You are viewing a plain text version of this content. The canonical link for it is here.
Posted to user@struts.apache.org by Ashish Kulkarni <as...@gmail.com> on 2007/04/16 20:12:22 UTC

[OT] How to handle non UTF characters in XML

Hi
I have java class which creates an XML file from SQL resultset,
It works fine in USA, but i am having issues when this process runs in
Germany where they have non UTF characters in there database like ü or á.
How do we handle this kind of situation in XML file, i set the XML file to
be of UTF-8 type,

the java code which creates the XML file is as below

Document document = builder.newDocument();
Element root = (Element) document.createElement(rootElement);
document.appendChild(root);
// create element with ResultSetMetaData Name
Element record = document.createElement(rm.getColumnName(i));

// add text node with the actual value
record.appendChild(document.createTextNode(rs.getString(k));


Ashish

Re: [OT] How to handle non UTF characters in XML

Posted by Christopher Schultz <ch...@christopherschultz.net>.
-----BEGIN PGP SIGNED MESSAGE-----
Hash: SHA1

Ashish,

Ashish Kulkarni wrote:
> Here is the code where i read the dom tree and then convert it to a String,
> then convert this string into Byte array and then user
> DocumentBuilder().parse to parse it.

Silly question... why are you going that? Is this just a test?

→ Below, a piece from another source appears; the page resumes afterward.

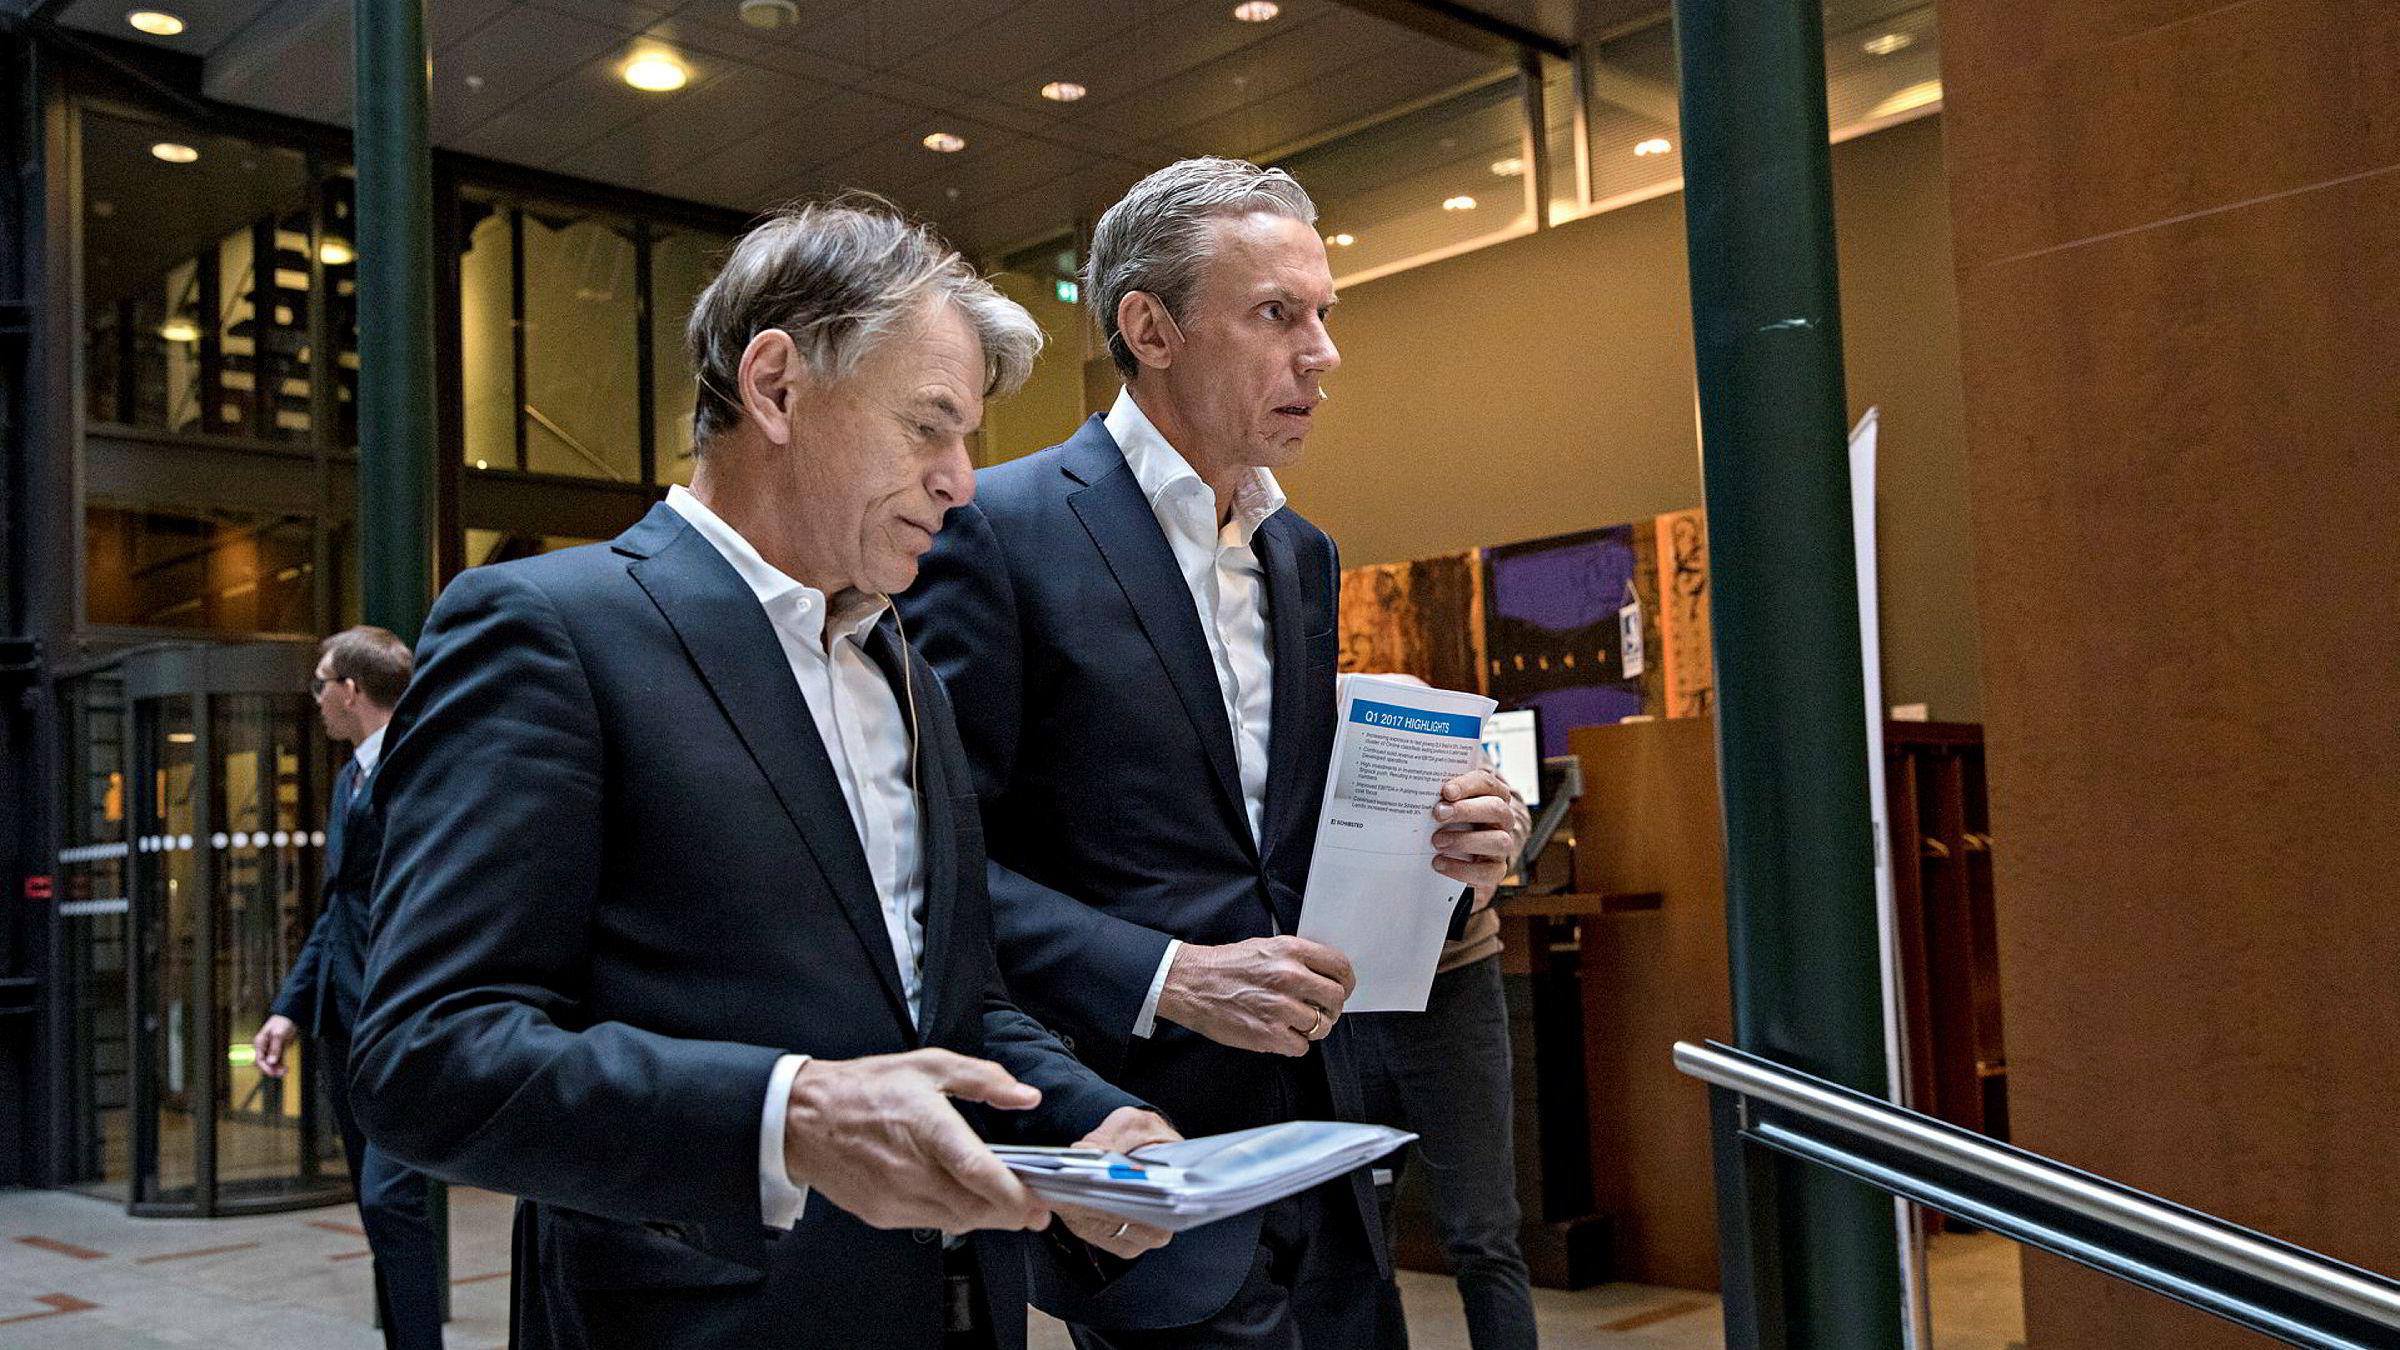 – Både omsetning og resultat fortsatte å vokse bra i Schibsteds første kvartal 2017, ifølge selskapets toppsjef Rolv Erik Ryssdal. Her er han sammen med finansdirektør Trond Berger (til venstre) fredag morgen.
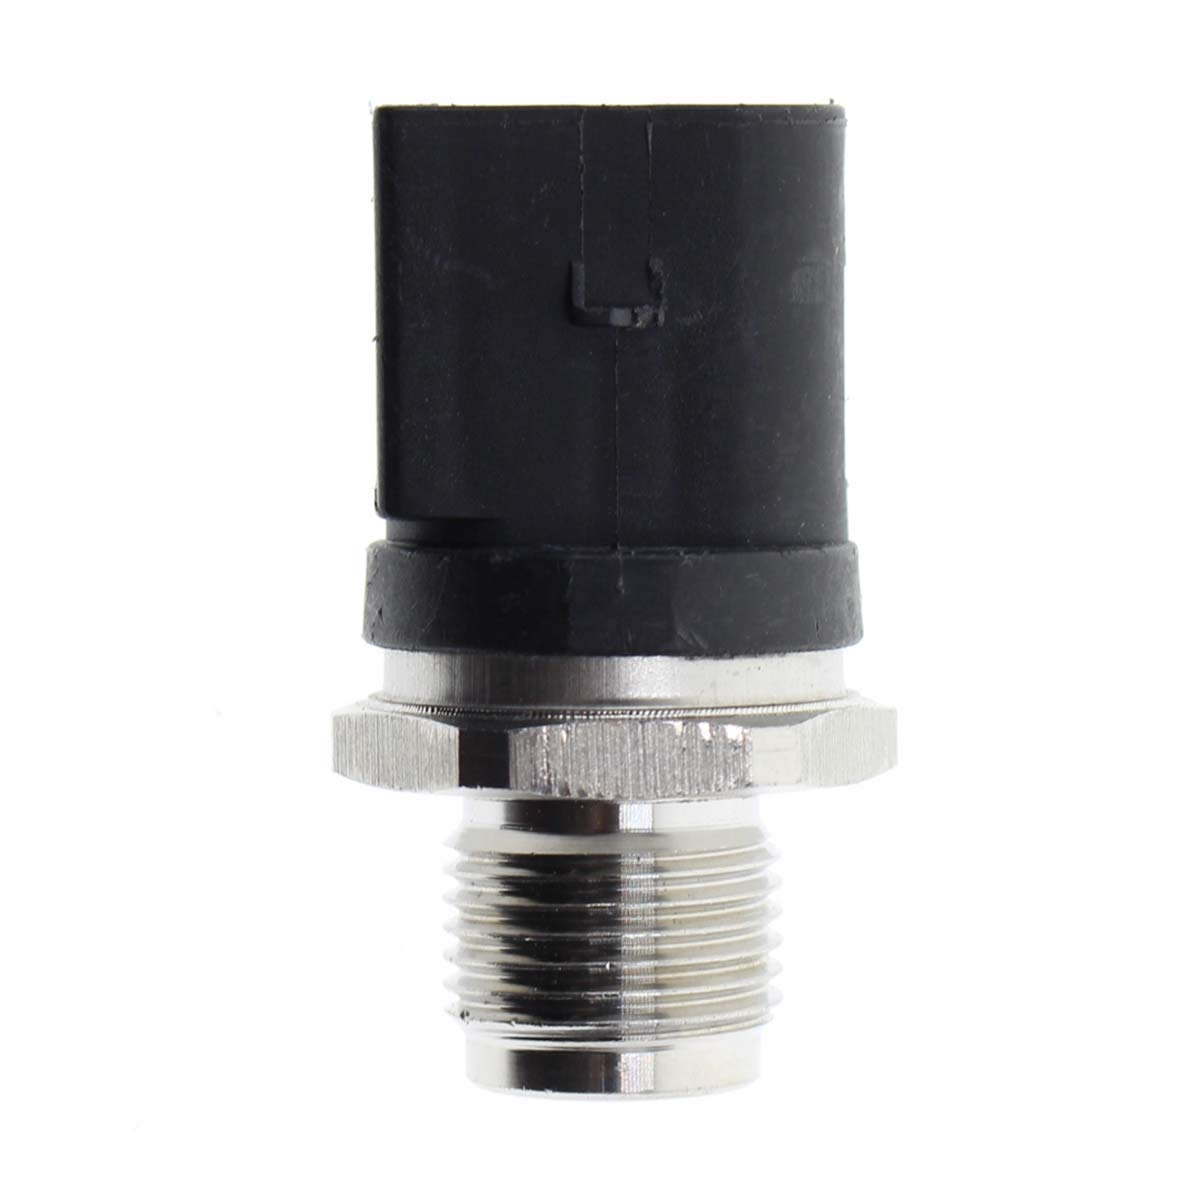 AUTOKAY New Fuel Injection Pressure Sensor for 2005-2009 Dodge Sprinter 2500 0041536728

> I get error in factory.newDocumentBuilder().parse(byteArray);
> 
> TransformerFactory tFactory =
>            TransformerFactory.newInstance();
>        Transformer transformer = tFactory.newTransformer();
>        StringWriter writer = new StringWriter();
>        DOMSource source = new DOMSource(doc);
>        transformer.transform(source, new StreamResult(writer));
>        String obj = writer.toString();

Everything up to here is fine, except that there might be a problem with
the XML emitter knowing what type of encoding you /will be/ using. Note
that there are no encoding issues handled above, but you are converting
the DOM tree into a String of characters. How does your XML library know
what to put into "<?xml encoding="????" ?>"?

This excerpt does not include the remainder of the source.